1.) You are not allowed to share the data without permission. I would guess that if it is publicly made available by the client that it is basicly counts as a permission or at the least you should be able to share the public source.
2.) On request by the client you have to send him a copy of all the personal data you have stored on him or her which could include Bills and E-Mails. (On a side note I have no clue how system backups are factored into this since checking months or years of backups for potentially deleted data sounds like a nightmare even with an automated system)
3.) On request you have to delete all the personal data stored from your client but only if it isn´t needed anymore for the business transaction or for other regulations like with book keeping. (Again no clue about the situation with backups)
4.) You have to make your client aware of what kind of data you store BUT I would guess the kind of data a typical freelancer stores for business transactions doesn´t need special mention since it is needed for billing.

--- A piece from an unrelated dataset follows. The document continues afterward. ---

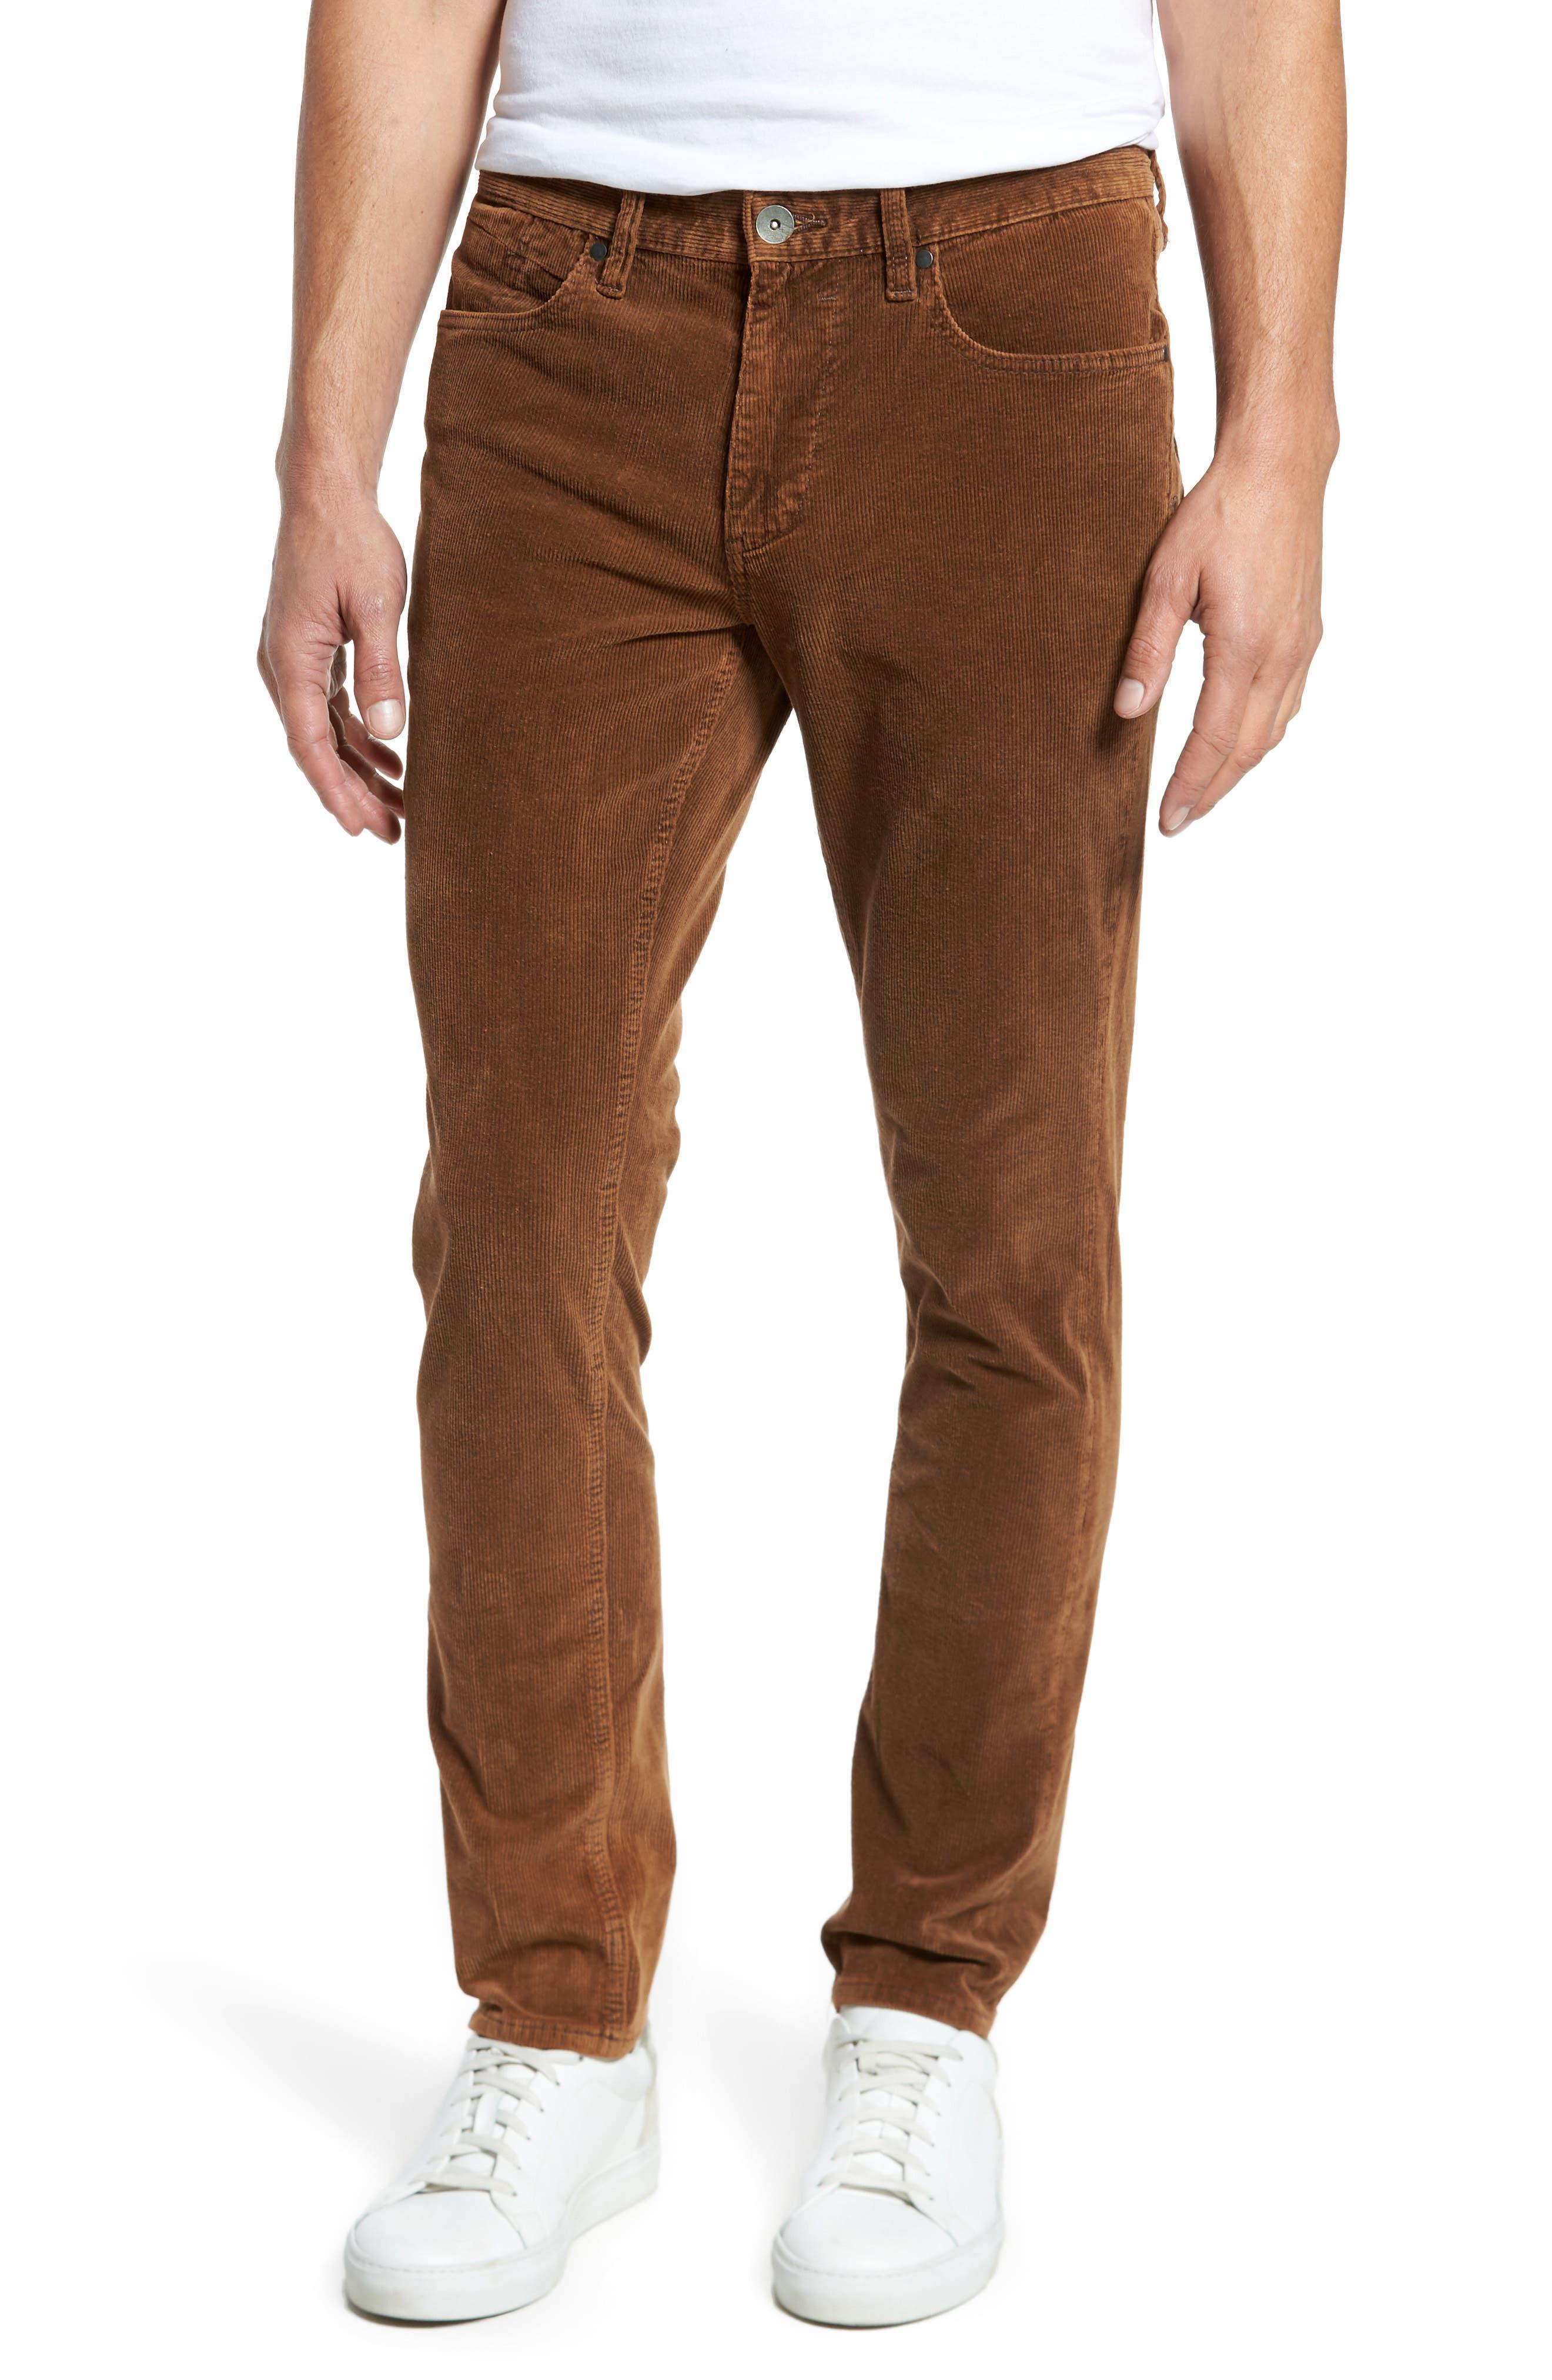 Alternate Image 1 Selected - Billabong Outsider Corduroy Pants

Again though this is no legal advice - this are just a couple of things I gathered in passing at work about what others mentioned on the topic.
Apparently every bit of compliance includes backups according to a GDPR specialist who gave a talk at a tech group I attend. There are multiple nightmares.
I’ve also read that the even stricter GDPR-K applies if your customer base includes kids (not targeted at, just includes), unless you age verify those you want to keep any identifiable data on.
And in Germany there are many lawyers which make their Money / income just from finding copy-right violations and next will be GDPR violations.
Then you have to pay them a fee (in my opinion it is blackmail) or they drag you to a court.
A friend of mine had to pay 3000 Euro just because of one photo on his website.
And that was before GDPR now it will get a lot worse I bet.